The truth seems to be that there are way more cheaters out there than we know of. I suspect that an injection needle was as much a part of the standard MLB uniform as stirrups and jock straps. Yet HOF voters seem intent on trying to punish just the poor suckers who were caught, while letting the
just-as-dirty-Carl-Lewis’ of the league ride their high horses right through the front doors of Cooperstown
There was no official policy on PEDs, there was no testing program and there is certainly no public knowledge of exactly who “used” and who didn’t. Let them in based on their stats, the only delays on admission should be levied on those who lied to the media, and insisted that they never used. For each time a player looked a fan, official or member of the media straight in the eye and insisted they never used PEDs, the player should be penalized with an extra year’s delay before entering the hall. Rocket Roger look on the bright side, maybe now you'll be able to celebrate your induction with your great-grandchildren.
If Everything Evens Out...
...which is an oft-repeated nugget of popular baseball wisdom - that bad breaks will all even out over the course of a season - then the Blue Jays can look forward to winning a game they have no business winning thanks to some lousy officiating.
That should counteract the blown interference call that cost them the 14-inning marathon Saturday night, and restore balance to the universe.

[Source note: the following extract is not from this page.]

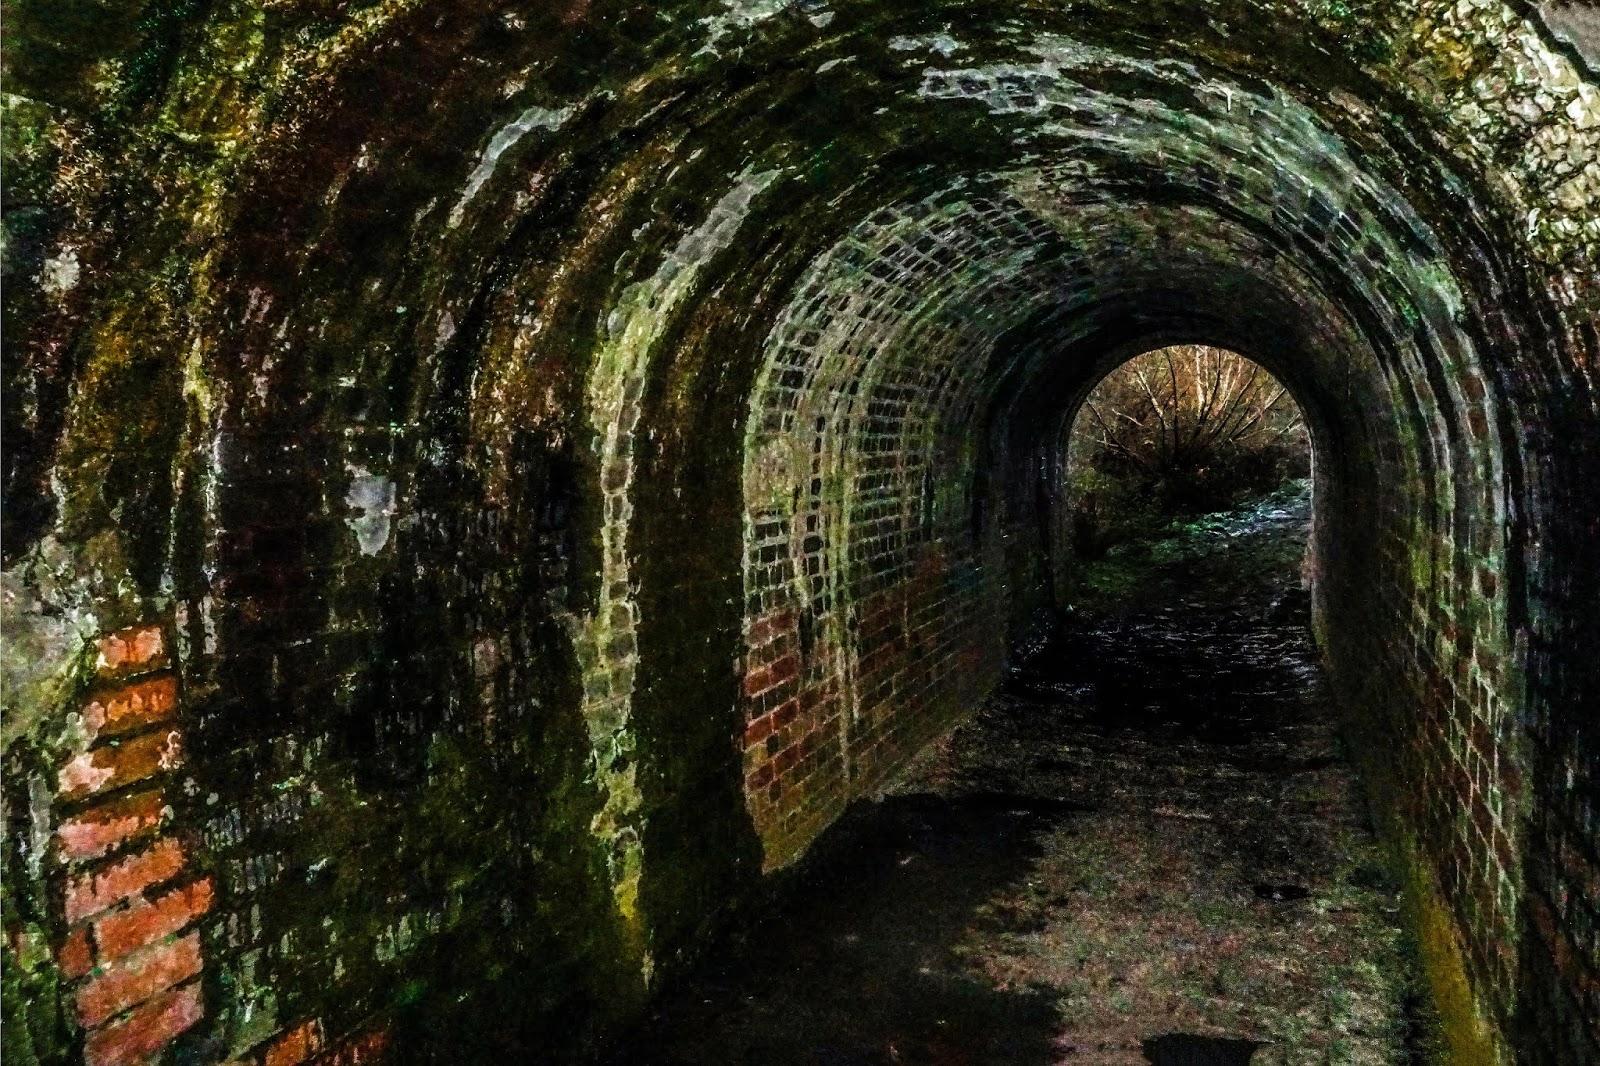 Fort Santiago, Intramuros Tunnel

The incident was instructive, as Angels 3B Alberto Callaspo proved that if you react to a slow grounder like a deer in headlights, umpires will sometimes rule in your favour.
Aside from that ugliness, and the Blue Jays stranding the population of Sudbury, Saturday's game did offer a refreshing take on bullpen usage, as John Farrell
outmanaged his more seasoned counterpart and still had a reliever in his bullpen in the 14th inning, while Mike Scioscia had already called on starter Dan Haren.
This is in stark contrast to Cito Gaston's penchant for gobbling relievers like potato chips - leading to heroic 3-inning stints by Jesse Carlson, and starters having to warm up once Carlson's arm fell off. Gaston was a little bit "match-up happy," and would burn through 2 or three relievers in a single inning of a close game - apparently with nary a though that the game might go into extra innings. Watching Farrell leave his charges in the game for multiple innings was very encouraging.
Still don't know what happened to 93-94 MPH Brett Cecil, but if can't recover those missing 4-5 MPHs, he could be in for a long season.